Она молча перешла к следующей койке, туда, где тихо постанывал больной. Приподняла его ногу и начала срезать бинты. Она все молчала, и я заподозрил, что сморозил глупость.

Монахиня же заметила:

— Ваши уроки наверняка будут пользоваться успехом. — Она принялась обрабатывать другого больного. А мне — среди вороха грязных бинтов — разговоры об уроках английского показались неуместно игривыми.

Пташка мастерски орудовала острым ножом, вскрывая, точно конверт, запечатанную промокшими бинтами ногу.

— Они плетут корзинки, — сказала она, — и красят их чернилами из старых шариковых ручек. Уродливые корзинки.

— Много лет назад они сами делали краски, из ягод, — заметила монахиня. — Удивительно красивые краски, мы даже пользовались ими в церкви.

— У вас тут, похоже, много работы, — вставил я.

— Прокаженных сотни четыре, да еще их семьи, считайте, тысячи две народу, — ответила монахиня. — Немало, конечно. Люди отовсюду, со всех концов страны. С севера, из племени тумбуки, еще из племени агонис, это совсем рядом, да еще племя сена, с Нижней реки. Есть даже яо, магометане из Форт–Джонстона.

— И вы принимаете всех?

— Конечно. — Она ловко бросила в корзинку снятые бинты. — Из родных деревень их выгнали: слишком много суеверий и предрассудков связано с этой болезнью. Да и немудрено, ведь проказа была неизлечима. Люди страдали, а обращались с ними чудовищно.

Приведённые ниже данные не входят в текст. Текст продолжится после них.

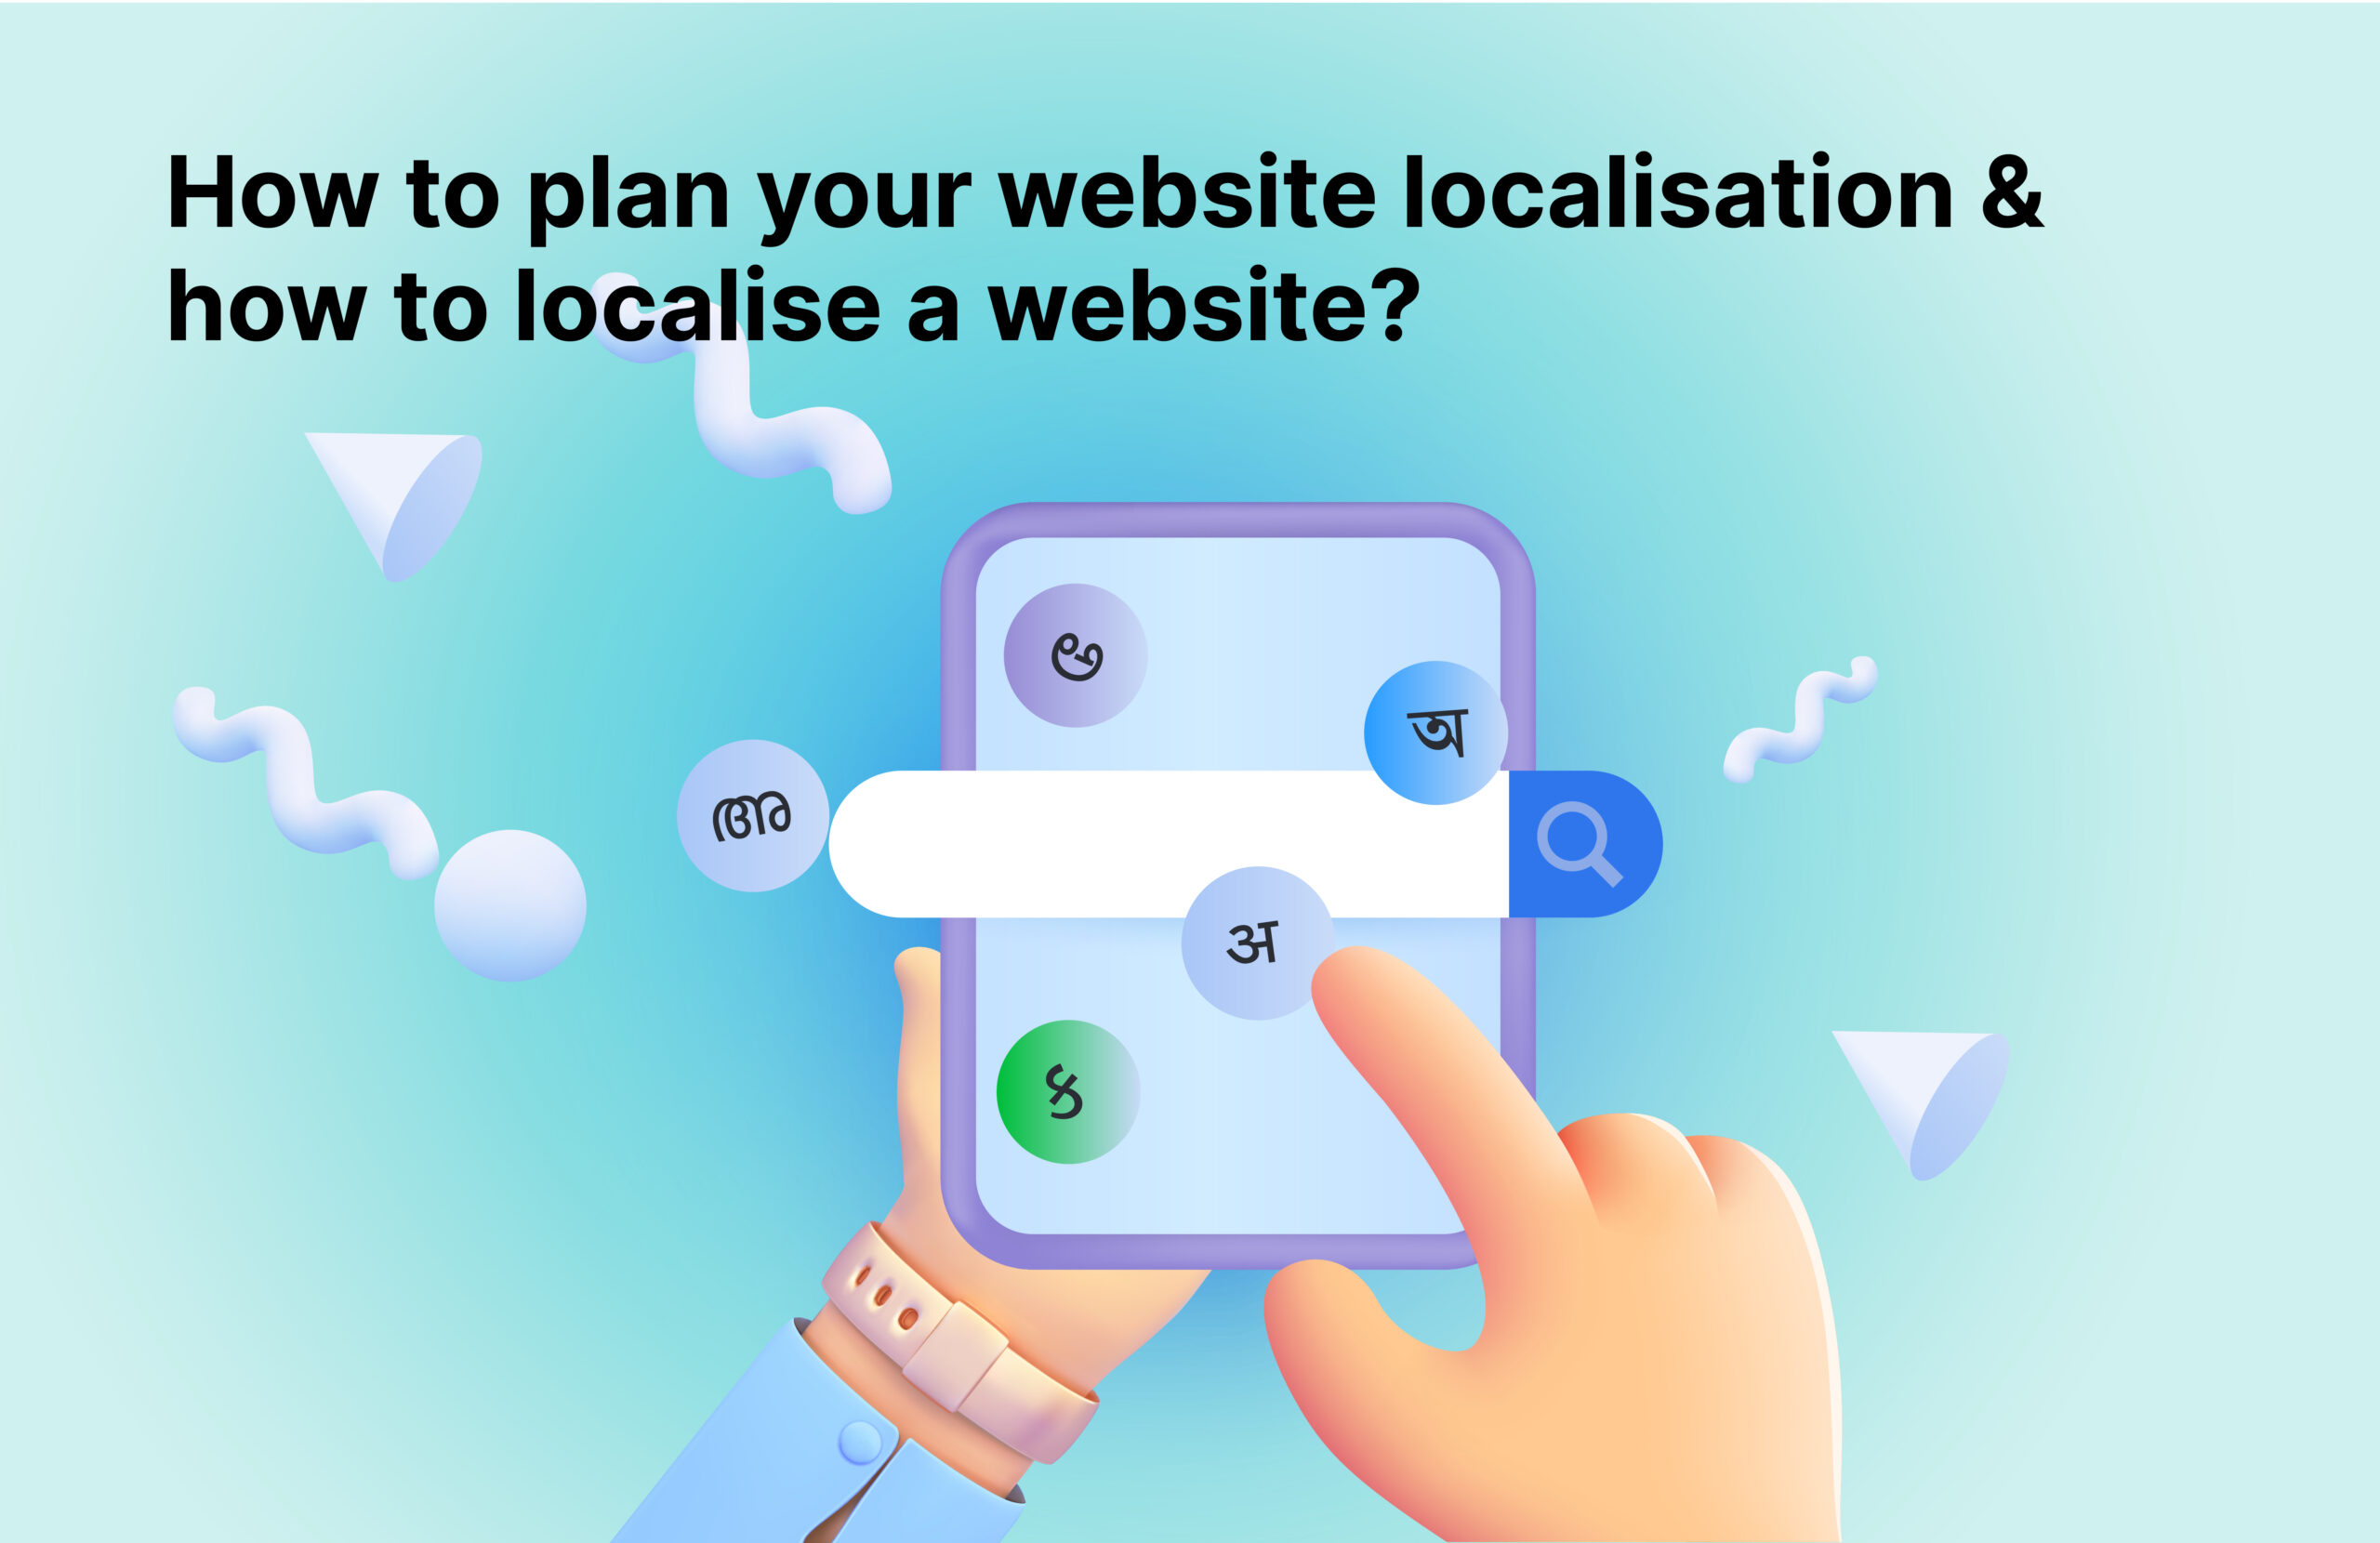 How to plan your website localisation & how to localise a website

— На самом деле болезнь не очень–то и заразна и лечится легко, — подала голос Пташка. Она тоже снимала сейчас последние бинты, обнажая страшные язвы на ступне пациента. — Никто из нас заразиться не может. Но даже когда эти люди выздоровеют, домой почти никому дороги нет. Из–за шрамов. Человека без пальцев африканцы все равно считают больным.

Она бесстрастно обрабатывала сейчас как раз такую беспалую ногу, промокая язвы влажной ваткой. Мне очень хотелось узнать, что ее сюда привело.

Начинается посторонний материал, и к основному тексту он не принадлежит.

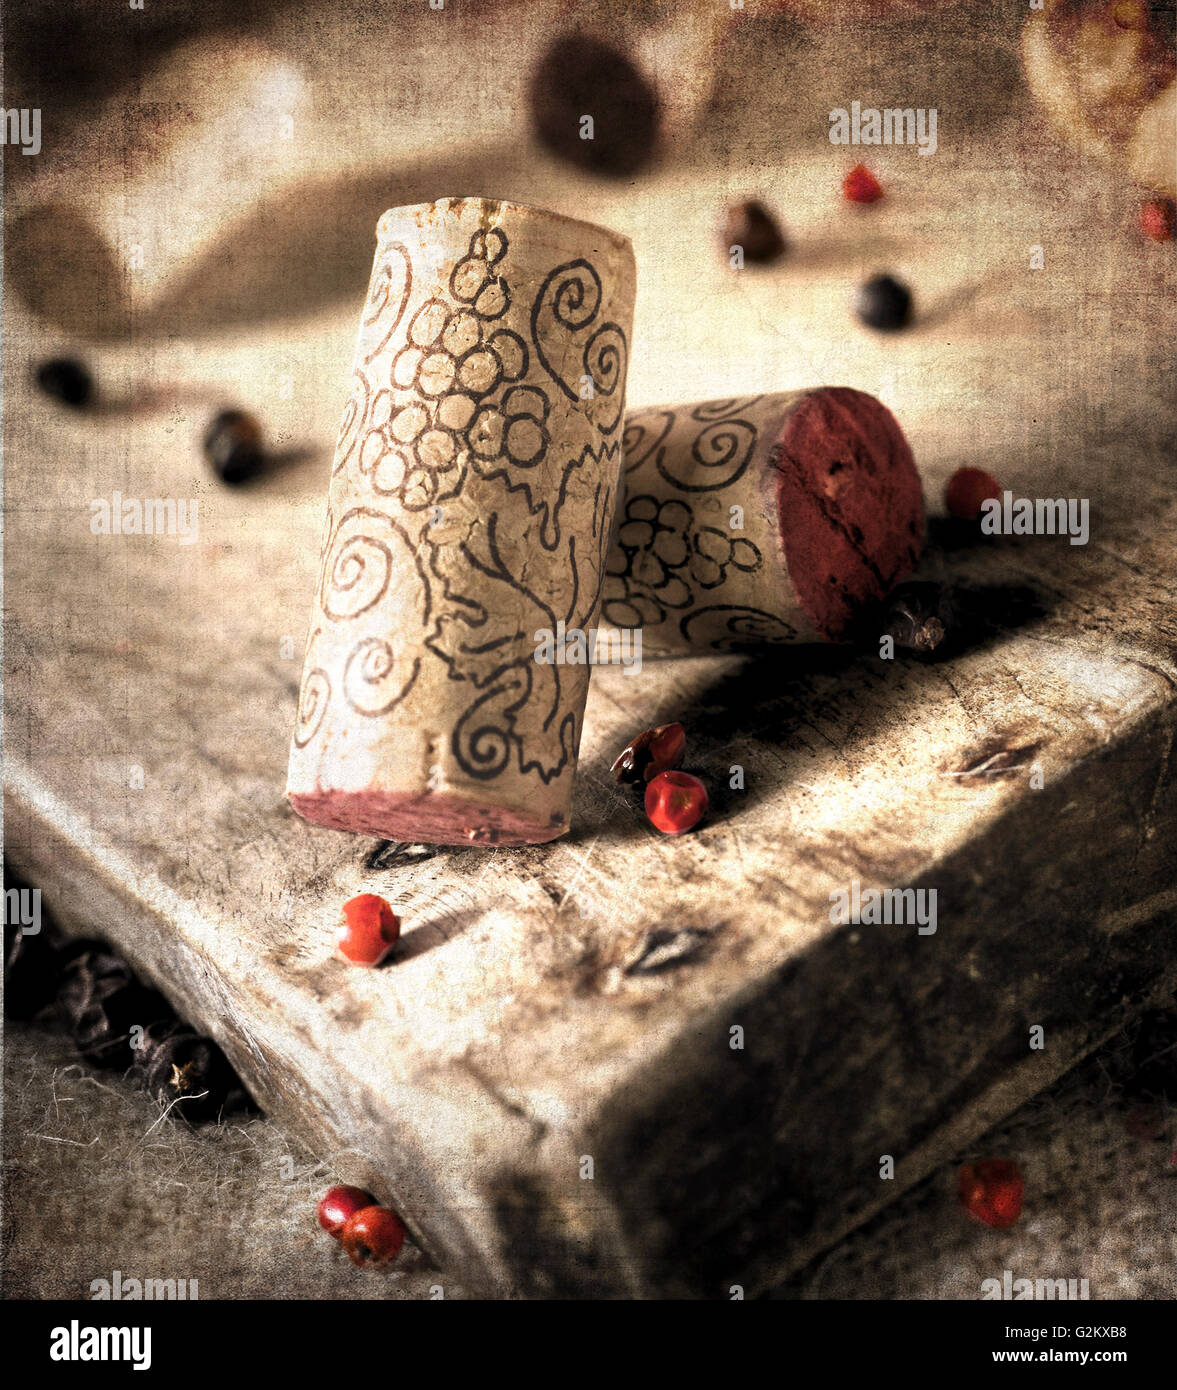 Wine Corks on Cutting Board Banque D'Images

— Это последняя страшная болезнь в Африке, — сказала Пташка, словно прочитав мои мысли. — И она излечима. Когда она исчезнет, с этой земли спадет проклятье, потому что хуже уже ничего не будет.

— Всем бы Пташкин оптимизм, — проговорила монахиня.

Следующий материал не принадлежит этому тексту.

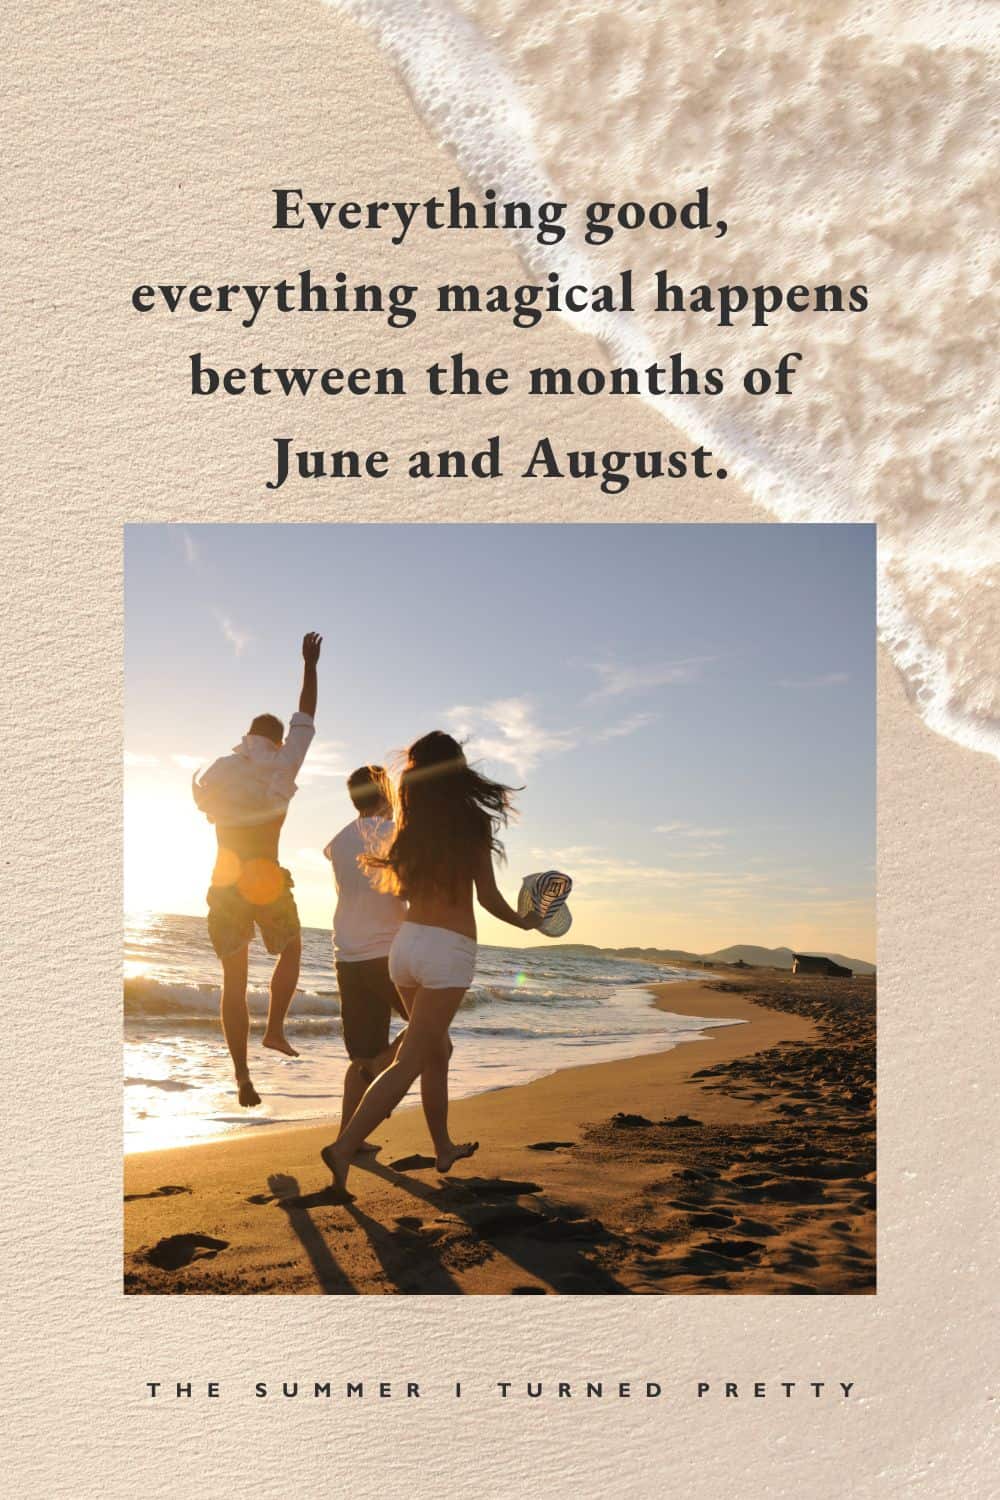 Everything good, everything magical happens between the months of June and August.

— Но эти люди остаются у вас на всю жизнь.

— В общем, да, — согласилась монахиня. — Некоторые приносят немало пользы. Те, кто уже здоров, помогают раздавать лекарства, делают перевязки.

— Этого парня, похоже, сильно прихватило, — сказал я.

Мужчина лежал худой как скелет, тела на костях не было вовсе, только свисала складками кожа, торчали узловатые суставы да горели ввалившиеся глаза. Он повернул голову и смерил меня осуждающим взглядом — так тяжелобольные смотрят порой на здоровых.

— Бедняга Малинки, — вздохнула монахиня. — Он поступил к нам со всеми симптомами туберкулеза, от туберкулеза мы его и лечили. Никакого улучшения. Все анализы сделали. А он все худеет и худеет. Пищу удержать не может. Семья его бросила.

— Так что вы теперь ему даете?

— Наши молитвы.

Пташка перешла к следующему пациенту, с раздутой, заскорузлой от струпьев ногой, похожей на древесный ствол с серой, неровной корой.

— А тут укус змеи.

— Mamba akudya? — Я спросил про страшно ядовитую кобру, черную мамбу. Укушенный крутил в руках иглу дикобраза.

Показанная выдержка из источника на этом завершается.